Иен поддался вперед, у него над ухом просвистела пуля и толкнула в костяной лоб прокоптуса за его спиной, она отлетела на несколько ярдов назад и завалилась замертво.
Дурарара и его бойцы устроились за оградой из мешков с картошкой перед входом в "Фаворит". Неисправный голографит вывески над входом сейчас моргал как маяк.
- Не стреляйте, - закричал Иен им, размахивая руками.
Тварь за спиной Иена задергалась, из ее белесого живота наружу вырвались ее копии в коконах. Он зажег тряпку в бутылке и собирался бросить, когда просвистела пуля у него под ухом, и второй прокоптус с дичайшим ревом льва набросился на него со стороны. Он выпустил бутылку, та ударилась об асфальт и расплескала танцующий ковер языков огня. Иен толкал руками напавшую тварь в рога, не давая ей приблизить ужасающую пасть, ее смрадная слюна, отдающая мертвечиной и малиновым компотом, текла на щеки и шею, а лиловый язык-червь хлестал по лицу. Иен почувствовал, что руки начинают уставать под дьявольским напором прокоптуса, просвистел выстрел, угодивший в жука, облепив лицо Иену паточной кровью из рваной дыры.

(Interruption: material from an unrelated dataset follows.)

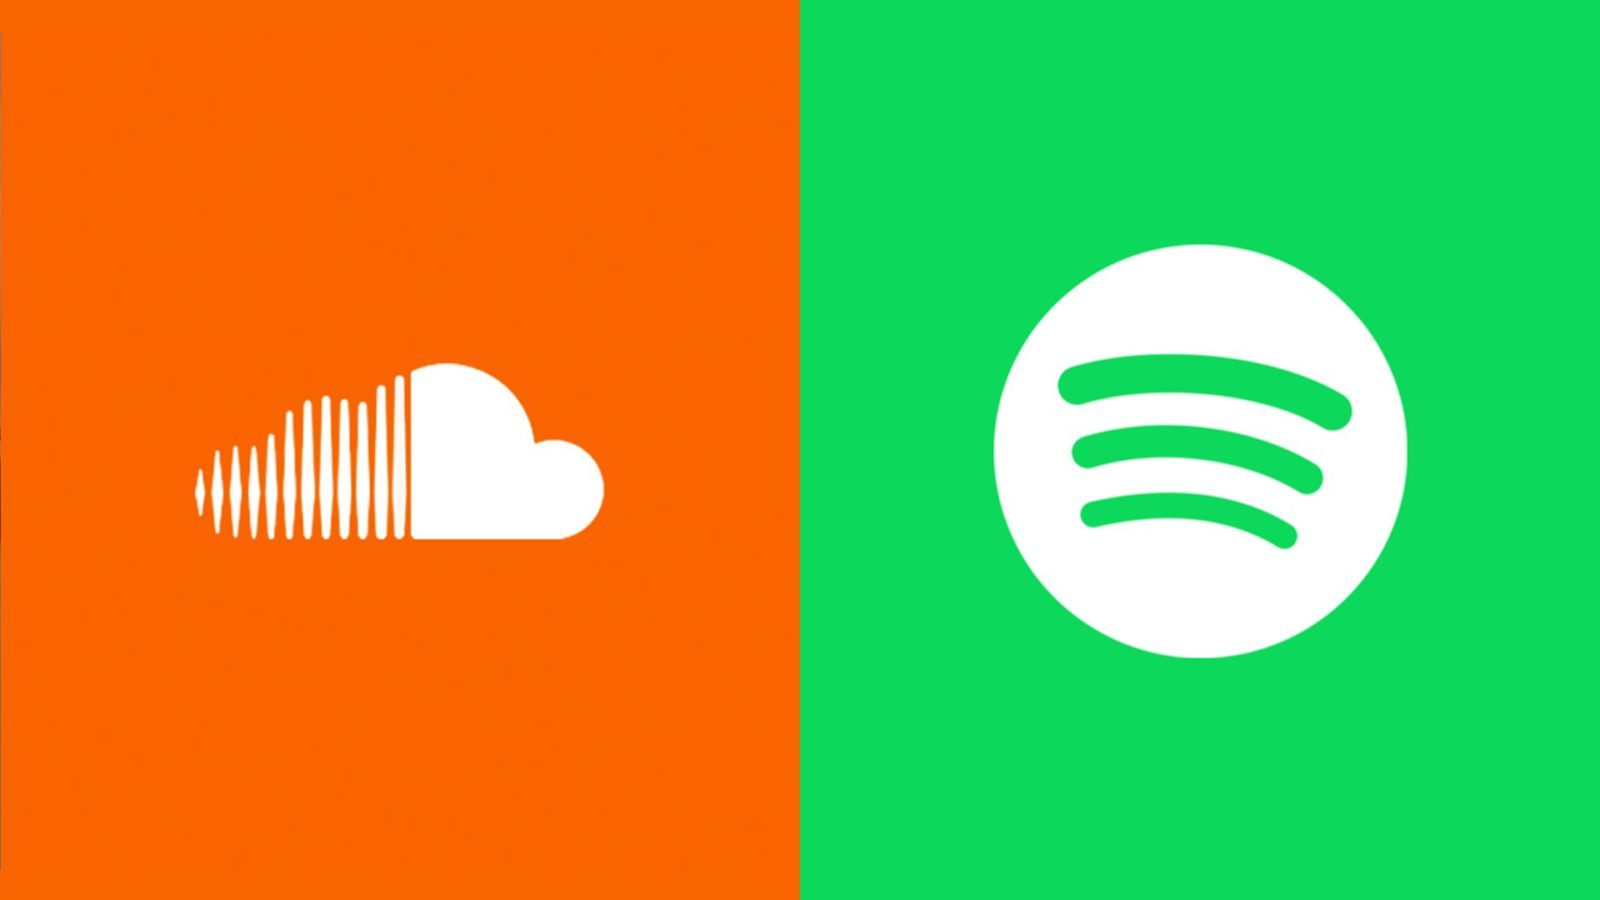 Soundcloud Spotify Wallpaper And Spotify HD Wallpaper

Только тогда ему удалось скинуть прокоптуса с себя.
- Вставай, быстрее, - закричал ему в ухо Мигель, схватив за руку.
- Спасибо, - пробормотал он и поднялся. - Их можно окончательно убить огнем и больше ничем. Тащи керосин, алкоголь, все что воспламеняется.

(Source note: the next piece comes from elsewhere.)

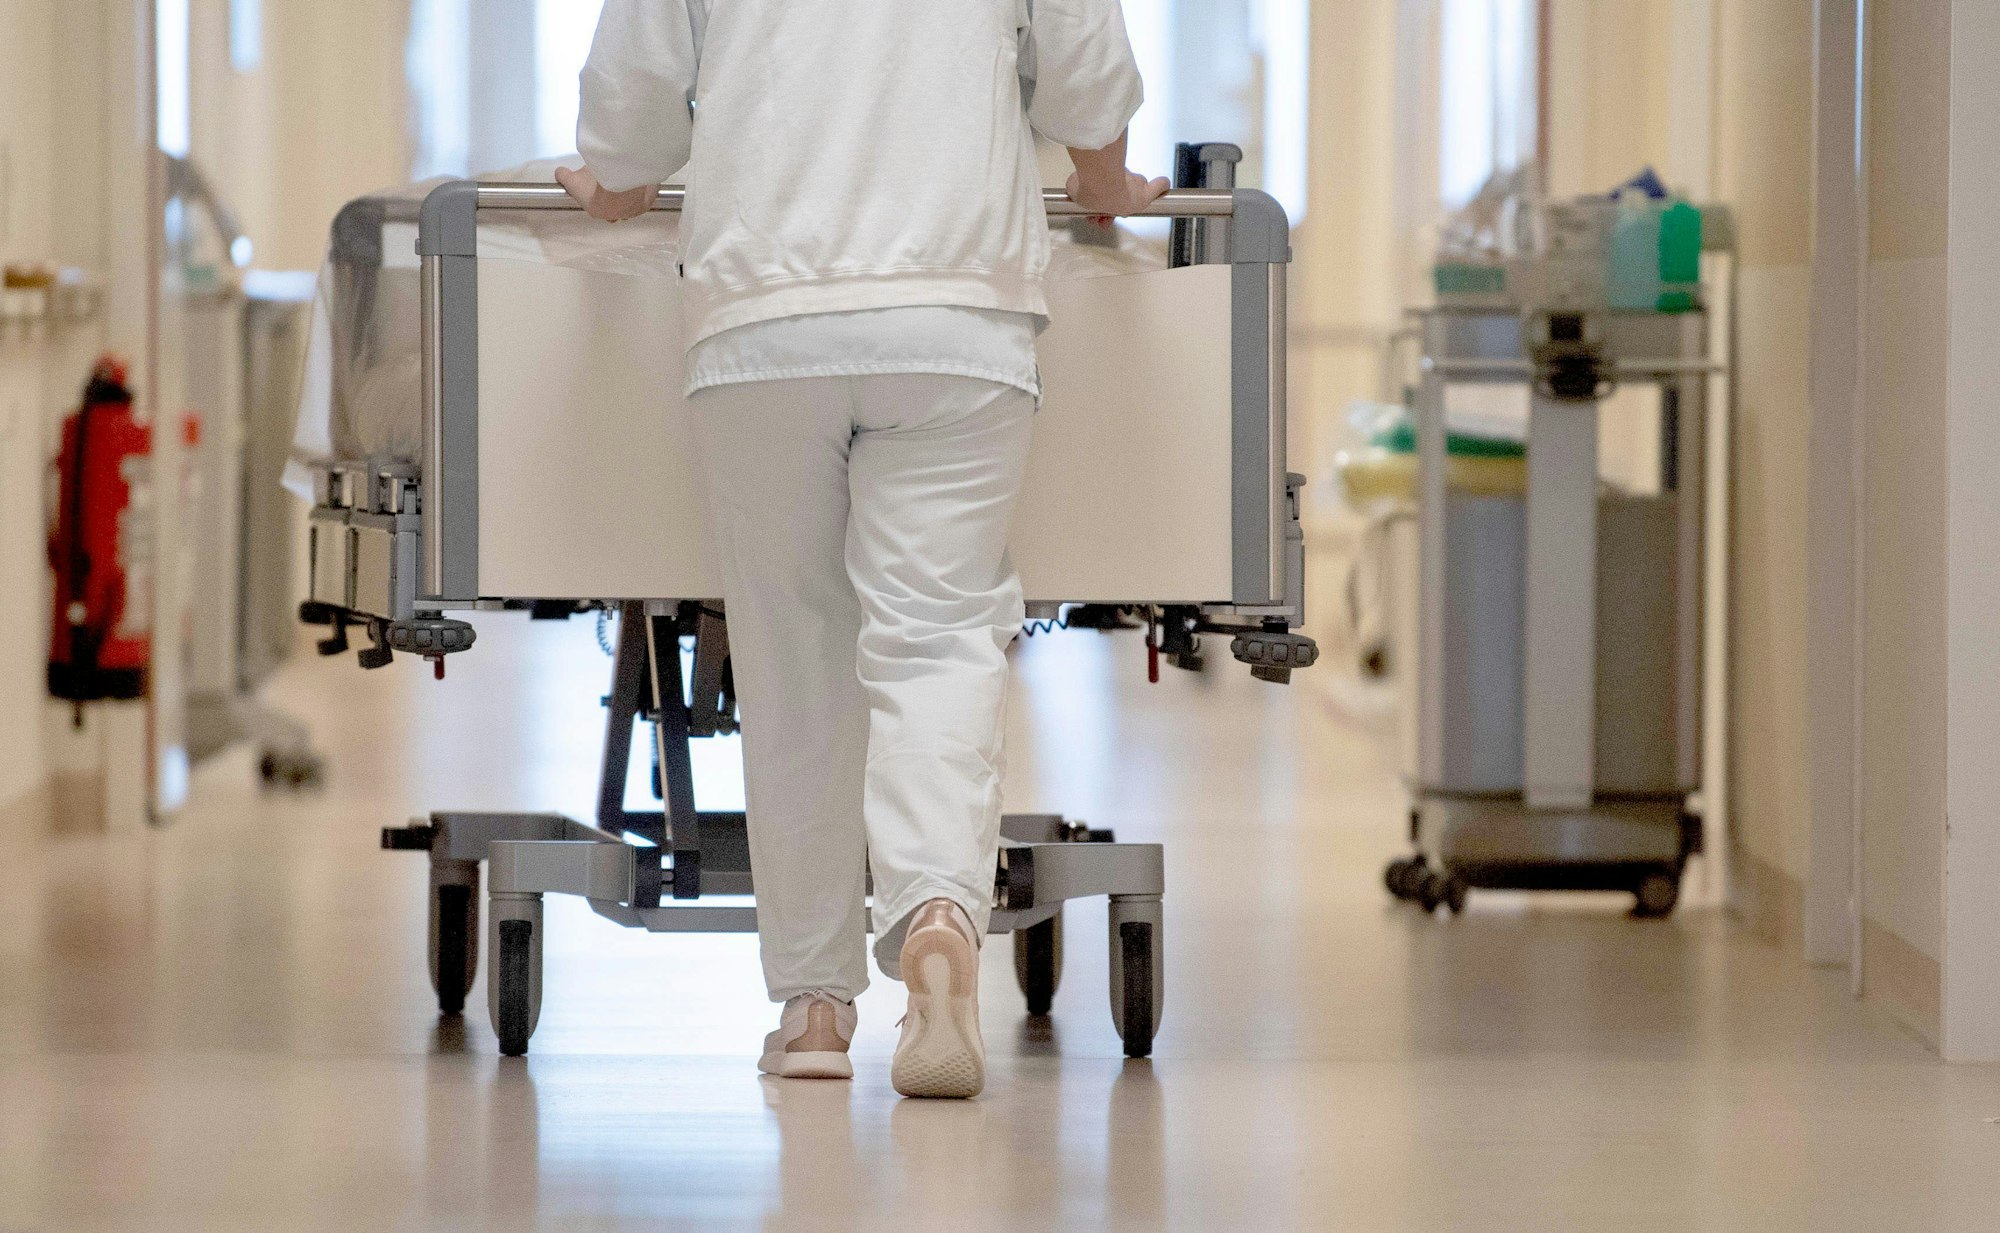 ARCHIV - 20.01.2020, Baden-Württemberg, ---: Eine Krankenpflegerin schiebt ein Krankenbett durch einen Flur.

Им пристало удерживать свои позиции перед входом в клуб, прокоптусы летели на моргающий свет вывески, как бражники на пламя свечи. Они пикировали к ним, бросая на дорогу, зубья оград и копья шпилей домов гуттаперчевые туловища с оторванными по шейные пеньки головами. Выстрелы из двух охотничьих ружей сбивали их с воздуха, и они грузно падали рогами вперед на земную твердь, раскидывая комья слякоти и снега. Мгновение тела улыбающихся до ушей демонов не шевелились и, прежде чем из их лон появлялись нимфы, Иен забрасывал их бутылками с зажженными тряпками.
Расплескивалось оранжевое пламя, черный дым поднимался столбом к самому небу. Мигель и его бойцы не заметили двух прокоптусов на крыше клуба. Те накинулись на них сверху, громила-охранник умер от сломанной шеи. Борец-зек встал на дыбы, замахнулся зажигательной смесью в мутно-зеленой бутылке с горящей тряпкой, однако вторая тварь накинулась на него. Он обронил бутылку и разбил, пуская в пляс ковер огня под своими ногами.
Сразу же огонь перекинулся на духа, и тот сгорел.
Татуированный краснолюдок пытался побороть второго прокоптуса в рукопашном бою, но по своей туполобости не взял в расчет не только силу противника, но и его когти-шпильки, и так он пал, придерживая руками вывалившиеся из разреза на животе кишки. Иен выстрелил из револьвера твари в голову, и она повалилась, тогда он разлил по ней керосин и поджег. Спустя еще двадцать минут оборонительного сражения, они с Мигелем остались совершенно одни перед сонмищем лучафэрских бесов. Запахи дизеля, крови и лакрично-ягодного смрада заполняли чувствительный нос Иена липким дурманом. Тварей все никак не становилось меньше, они окружали Мигеля и Иена плотным кольцом, ступая по горелым трупам собратьев, вырезаясь черными тенями на фоне полыхающего пожара.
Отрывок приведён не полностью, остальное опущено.